Can you create a PR and assign to me? I will check again.
==llc==3790505==ERROR: LeakSanitizer: detected memory leaks
Direct leak of 10 byte(s) in 1 object(s) allocated from:
#0 0xae9fa5562824 in malloc /home/b/sanitizer-aarch64-linux-bootstrap-hwasan/build/llvm-project/compiler-rt/lib/hwasan/hwasan_allocation_functions.cpp:147:3
#1 0xe18449add62c in strdup (/lib/aarch64-linux-gnu/libc.so.6+0x9d62c) (BuildId: 32fa4d6f3a8d5f430bdb7af2eb779470cd5ec7c2)
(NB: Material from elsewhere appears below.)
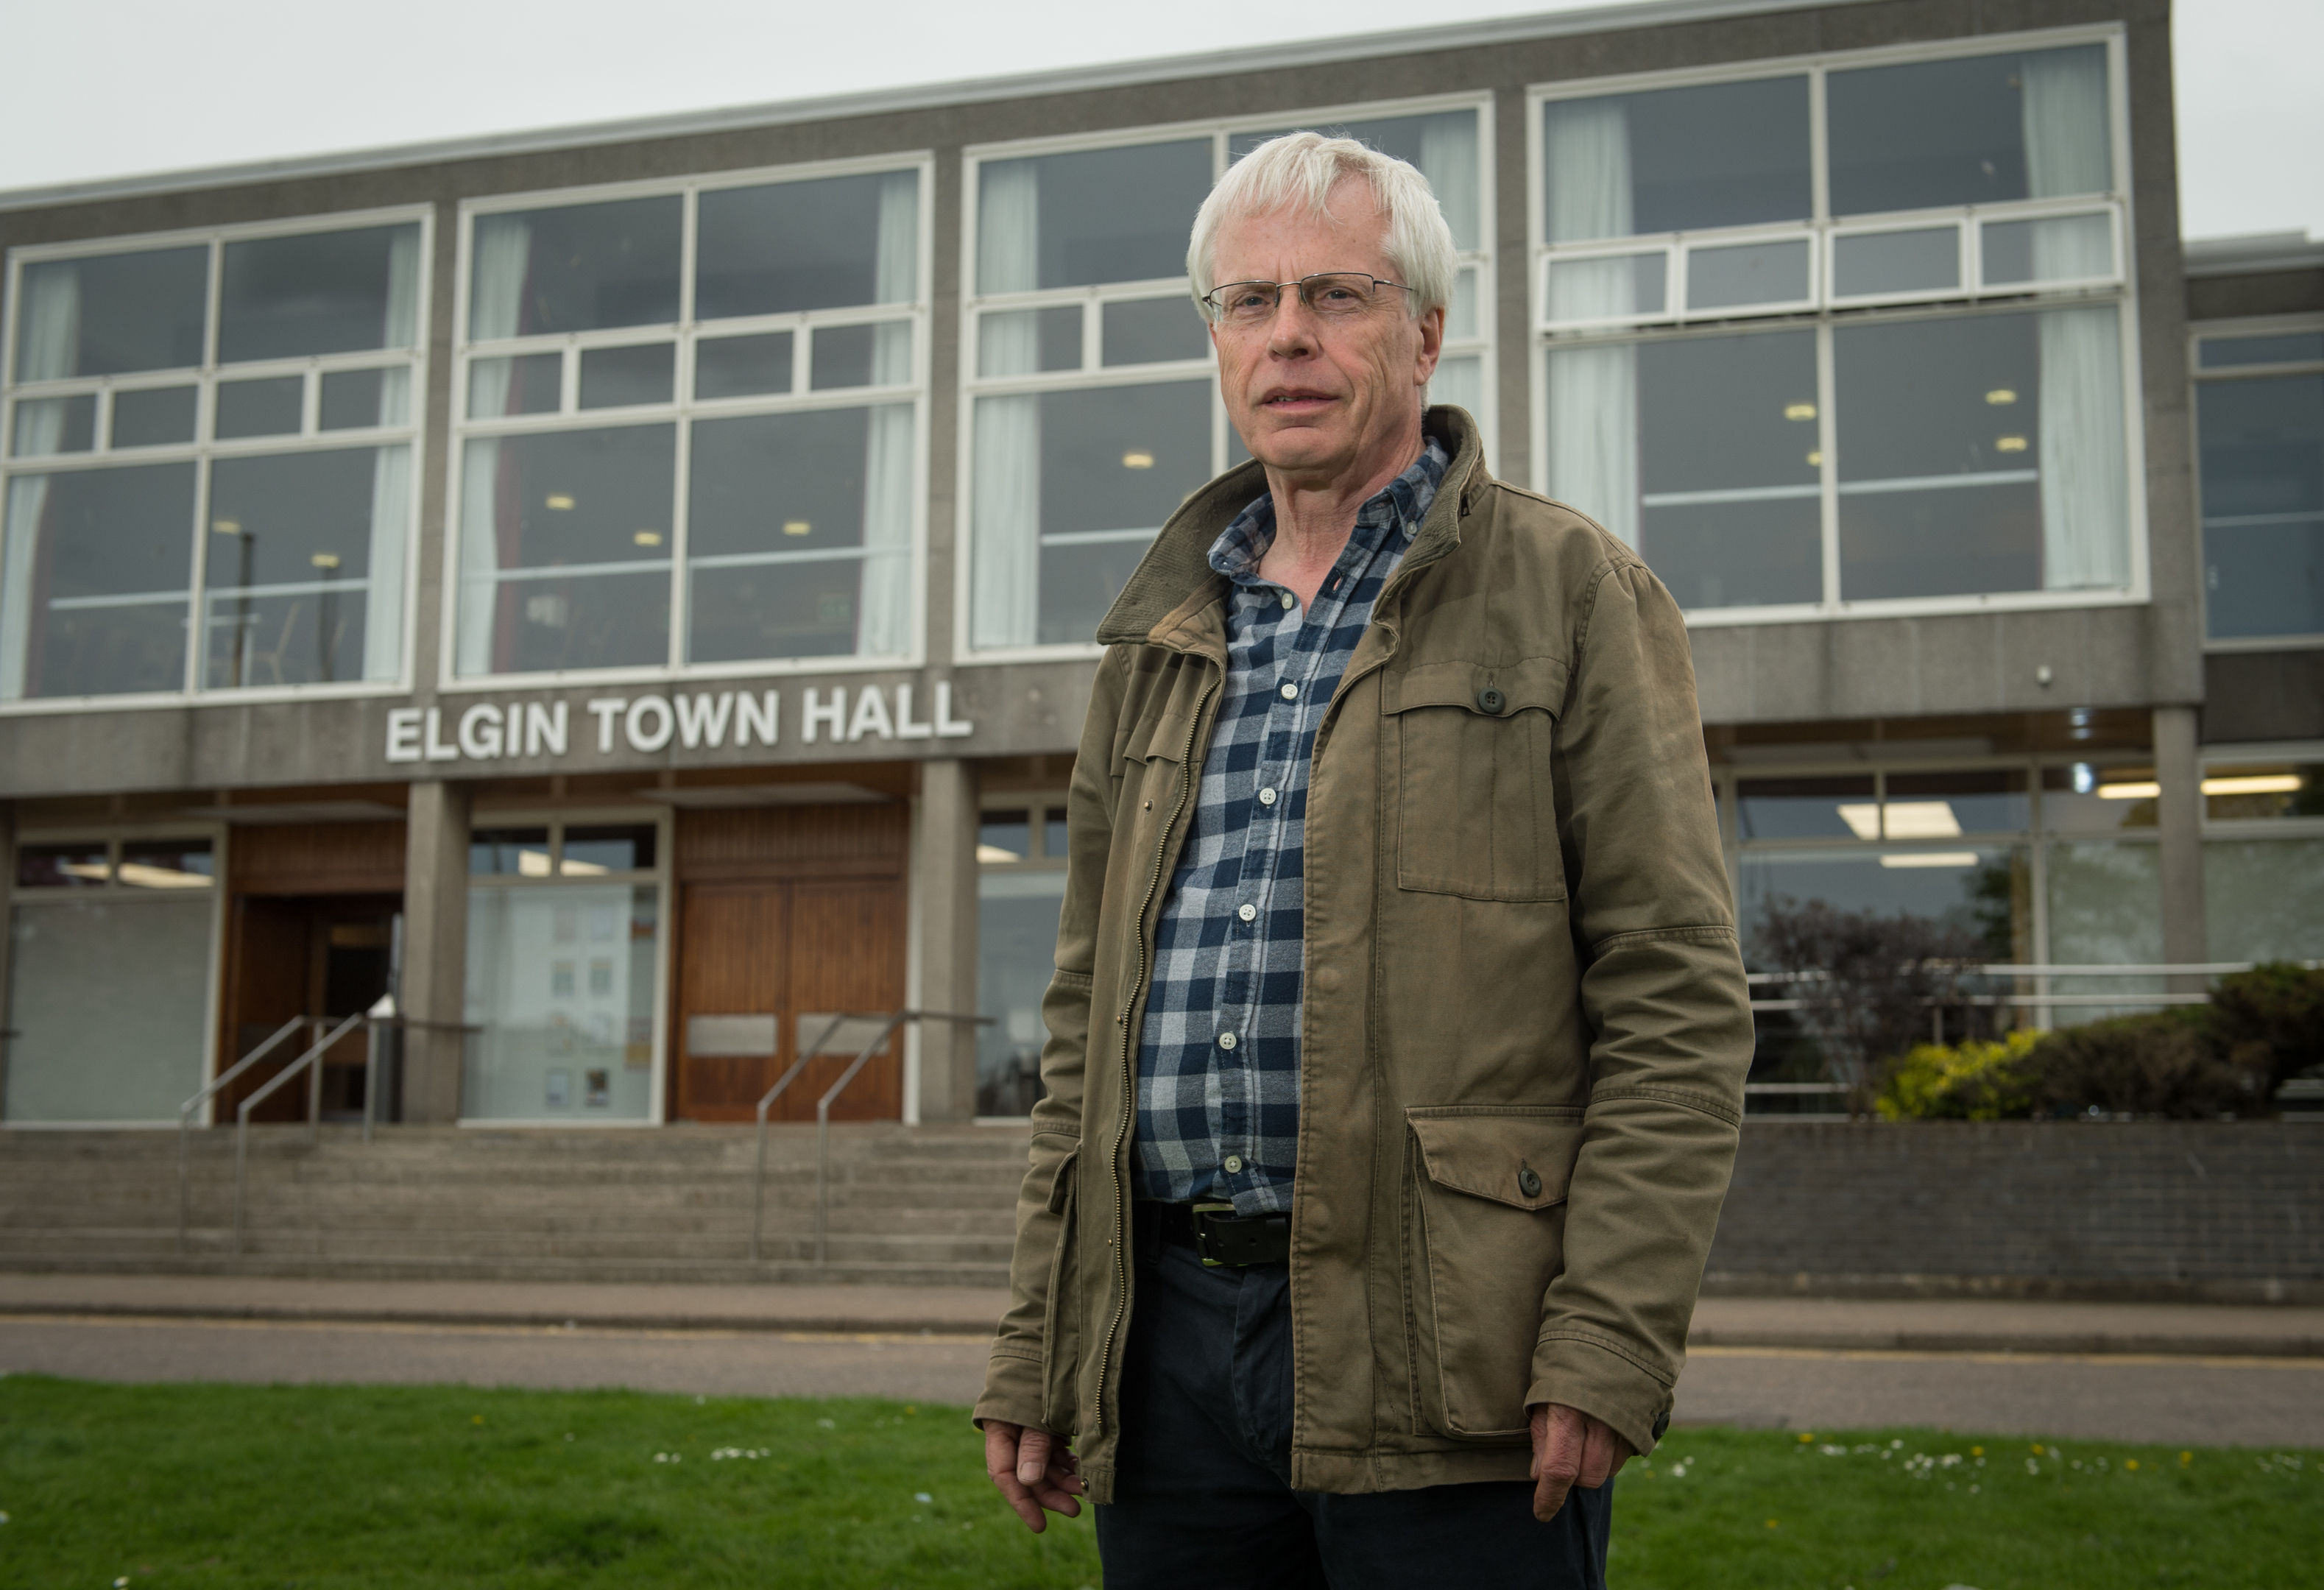 Mike Devenney, chairman of the Elgin Town Hall for the community working group, outside Elgin Town Hall

#2 0xae9facb2ebfc in FileToRemoveList /home/b/sanitizer-aarch64-linux-bootstrap-hwasan/build/llvm-project/llvm/lib/Support/Unix/Signals.inc:105:55
#3 0xae9facb2ebfc in insert /home/b/sanitizer-aarch64-linux-bootstrap-hwasan/build/llvm-project/llvm/lib/Support/Unix/Signals.inc:120:37
#4 0xae9facb2ebfc in llvm::sys::RemoveFileOnSignal(llvm::StringRef, std::__1::basic_string<char, std::__1::char_traits<char>, std::__1::allocator<char>>*) /home/b/sanitizer-aarch64-linux-bootstrap-hwasan/build/llvm-project/llvm/lib/Support/Unix/Signals.inc:446:3
#5 0xae9faca5a9d0 in llvm::ToolOutputFile::ToolOutputFile(llvm::StringRef, std::__1::error_code&, llvm::sys::fs::OpenFlags) /home/b/sanitizer-aarch64-linux-bootstrap-hwasan/build/llvm-project/llvm/lib/Support/ToolOutputFile.cpp:42:7
#6 0xae9fa55b3ccc in make_unique<llvm::ToolOutputFile, llvm::cl::opt<std::__1::basic_string<char, std::__1::char_traits<char>, std::__1::allocator<char> >, false, llvm::cl::parser<std::__1::basic_string<char, std::__1::char_traits<char>, std::__1::allocator<char> > > > &, std::__1::error_code &, llvm::sys::fs::OpenFlags &, 0> /home/b/sanitizer-aarch64-linux-bootstrap-hwasan/build/libcxx_install_hwasan/include/c++/v1/__memory/unique_ptr.h:767:30
#7 0xae9fa55b3ccc in GetOutputStream /home/b/sanitizer-aarch64-linux-bootstrap-hwasan/build/llvm-project/llvm/tools/llc/llc.cpp:312:16
#8 0xae9fa55b3ccc in compileModule(char**, llvm::LLVMContext&) /home/b/sanitizer-aarch64-linux-bootstrap-hwasan/build/llvm-project/llvm/tools/llc/llc.cpp:616:7
#9 0xae9fa55b0070 in main /home/b/sanitizer-aarch64-linux-bootstrap-hwasan/build/llvm-project/llvm/tools/llc/llc.cpp:411:22
#10 0xe18449a684c0 (/lib/aarch64-linux-gnu/libc.so.6+0x284c0) (BuildId: 32fa4d6f3a8d5f430bdb7af2eb779470cd5ec7c2)
#11 0xe18449a68594 in __libc_start_main (/lib/aarch64-linux-gnu/libc.so.6+0x28594) (BuildId: 32fa4d6f3a8d5f430bdb7af2eb779470cd5ec7c2)
#12 0xae9fa555a4ac in _start (/home/b/sanitizer-aarch64-linux-bootstrap-hwasan/build/llvm_build_hwasan/bin/llc+0x567a4ac)
Yea, that PR has more recent discussion. Particularly I found that the problem is related to using -o /dev/null
with llc when it encounters a report_fatal_error(..., false)
that results in an exit(1)
. Changing -o /dev/null
to -o -
makes hwasan no longer fail when running the test.